Palavras-chave: Teoria da Subjetividade; Tipos de aprendizagem; Tipos de conteúdo em ciências

RESUMEN:

Este artículo tuvo su génesis en el parecer del artículo de Alves, Parente, Bezerra y Bezerra (2022), desarrollado por la primera autora de este trabajo. Su propósito es promover algunas reflexiones sobre la posible articulación entre los procesos subjetivos y operacionales en el aprendizaje de ciencias. En este sentido, buscamos esbozar una articulación entre los tipos de aprendizaje que traen Mitjáns Martínez y González Rey, a partir de la Teoría de la Subjetividad en un enfoque cultural-histórico, y los tipos de contenido desarrollados por Pozo y Crespo, a partir del trabajo inaugural de Alves, Parente, Bezerra y Bezerra (2022), que presenta y relaciona estos enfoques. Más que un comentario crítico sobre este enfoque realizado por los autores, este texto se centró en discutir algunos matices de esta aproximación construida por ellos, enfatizando los aportes de la Teoría de la Subjetividad de González Rey.

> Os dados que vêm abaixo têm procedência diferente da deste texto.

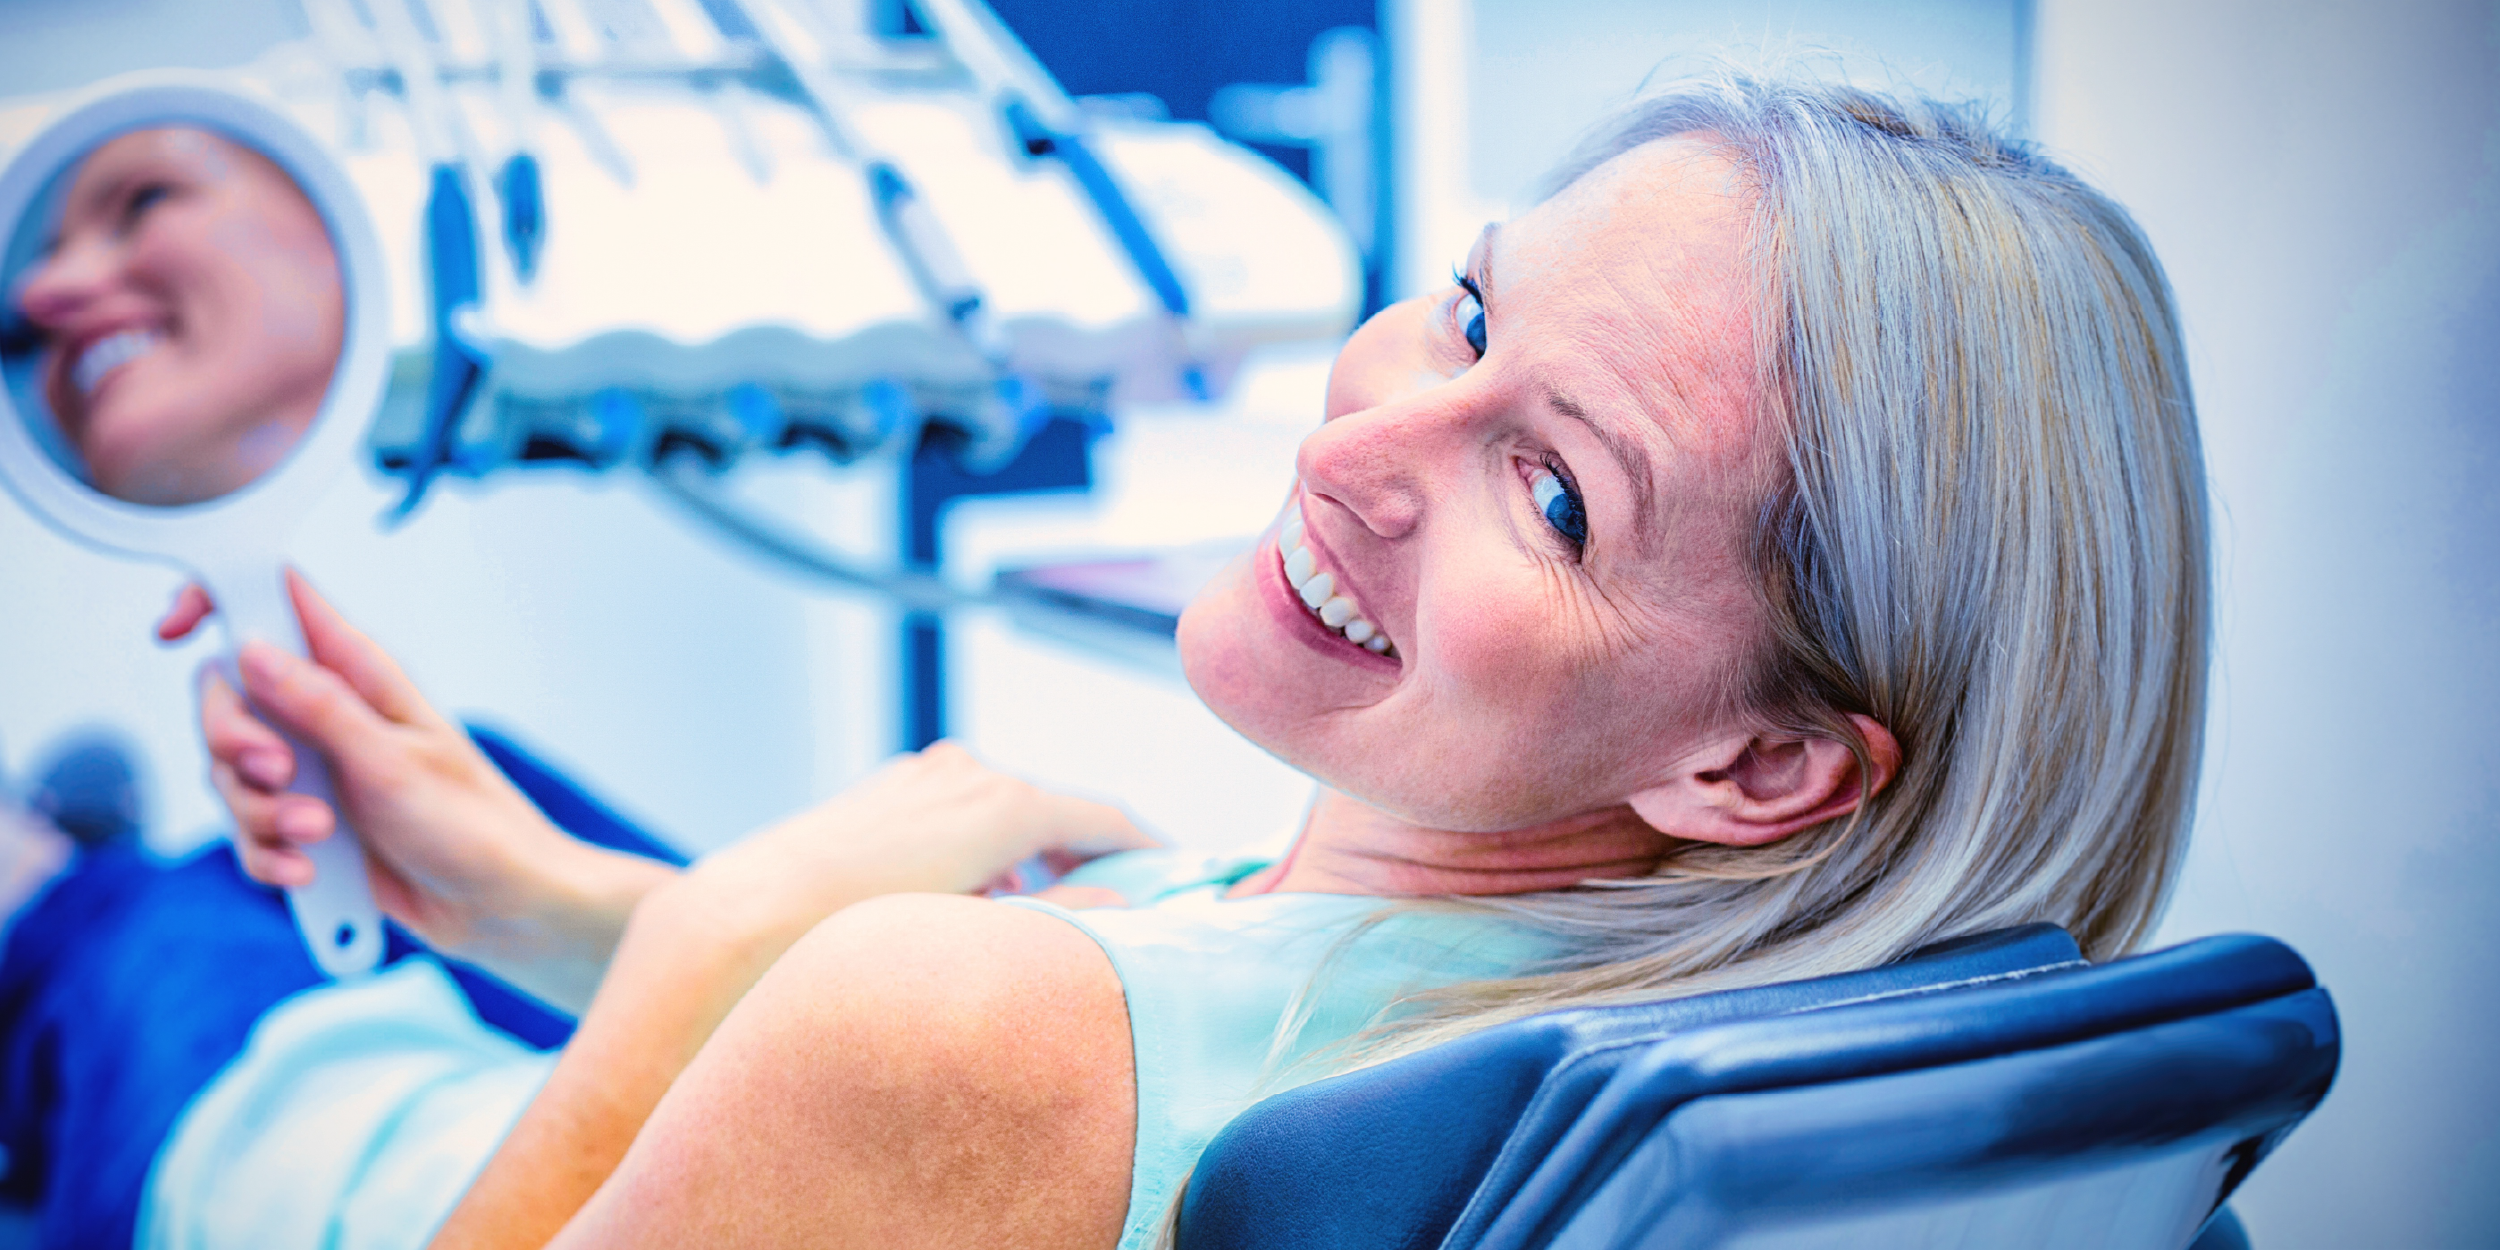 Imagem de uma mulher com um lindo sorriso após realizar um implante dentário.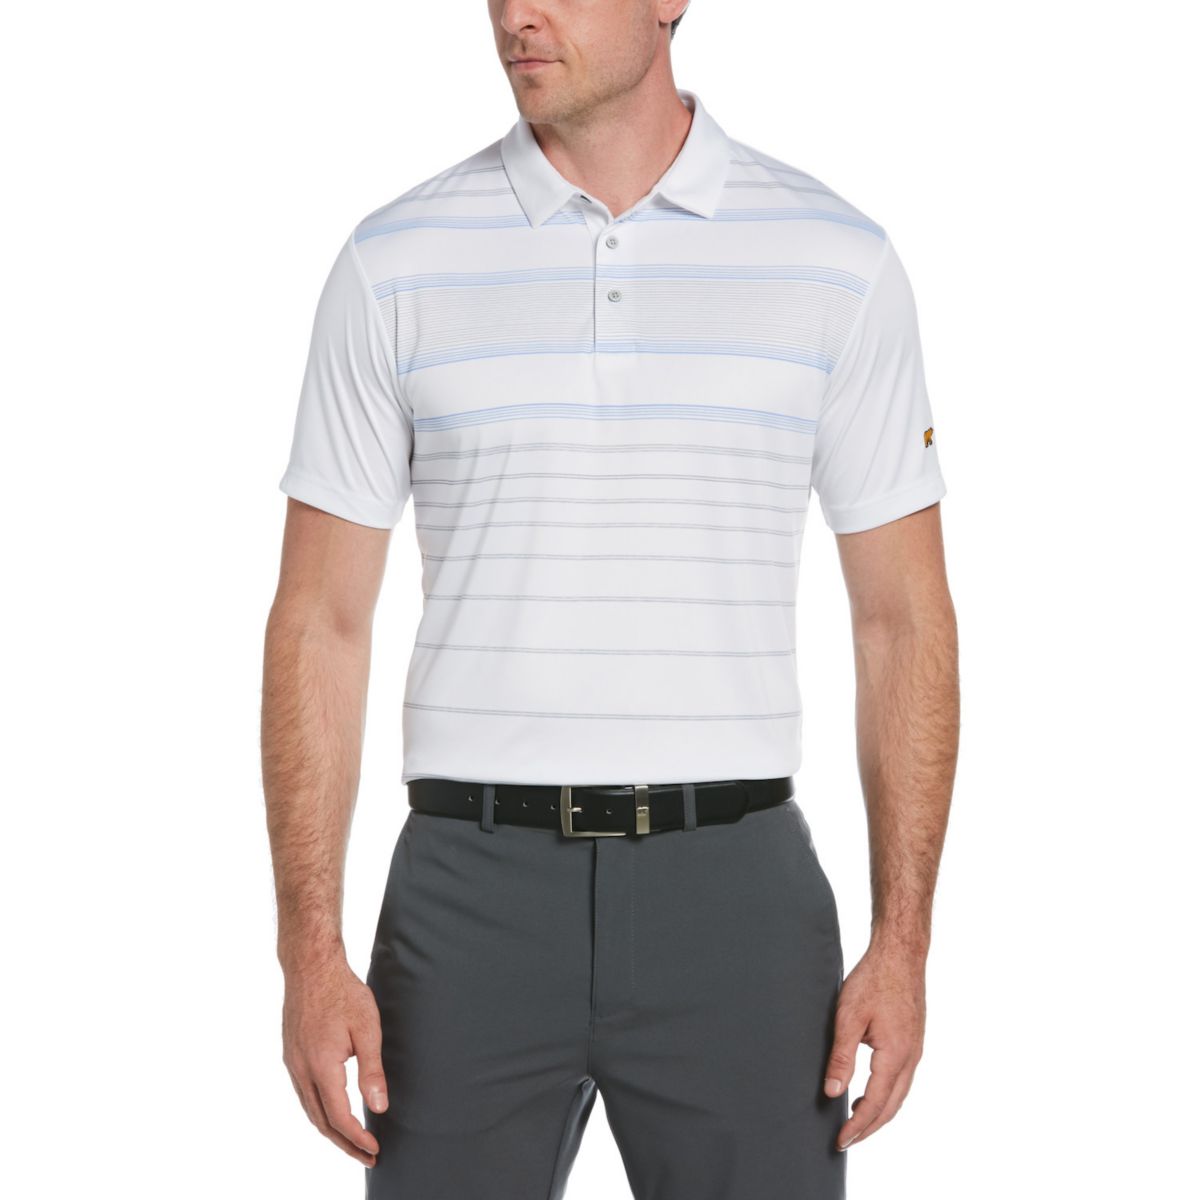 Мужская рубашка-поло для гольфа в полоску классического кроя Jack Nicklaus StayDri для гольфа Performance Jack Nicklaus

Palabras clave: Teoría de la Subjetividad; Tipos de aprendizaje; Tipos de contenido en ciencias

ABSTRACT:

This paper had its genesis in the Alves, Parente, Bezerra and Bezerra (2022) paper’s review, which was elaborated by the first author of this work. Its purpose is to promote reflections about the possible articulation between subjective and operational processes in science learning. In this sense, we pursue to delineate an articulation between the types of learning introduced by Mitjáns Martínez and González Rey, based on the Theory of Subjectivity from a cultural-historical approach, and the types of content developed by Pozo and Crespo, based on the inaugural work of Alves, Parente, Bezerra and Bezerra (2022), which presents and relates these approaches. More than a critical comment on this approach made by the authors, this paper focused on discussing some nuances of this approach developed by them, emphasizing the contributions of González Rey’s Theory of Subjectivity.

Keywords: Theory of Subjectivity; Types of learning

TYPES OF CONTENT IN SCIENCE. INTRODUÇÃO

Há séculos, a aprendizagem tem sido objeto de estudo, seja de filósofos, psicólogos, pedagogos ou estudiosos na área educacional, o que tem promovido discussões importantes para compreendermos como se dá a aquisição da cultura historicamente construída pela humanidade, bem como sua produção. Atualmente, caminhamos para uma compreensão dos processos de aprendizagem a partir de uma análise mais sistêmica do fenômeno, considerando o caráter complexo do processo de aprendizagem (Morin, 2011). Consideramos que

(...) há complexidade quando elementos diferentes são inseparáveis constitutivos do todo (como o econômico, o político, o sociológico, o psicológico, o afetivo, o mitológico), e há um tecido interdependente, interativo e interretroativo entre o objeto de conhecimento e o seu contexto, as partes e o todo, o todo e as partes, as partes entre si (Morin, 2011, p. 36).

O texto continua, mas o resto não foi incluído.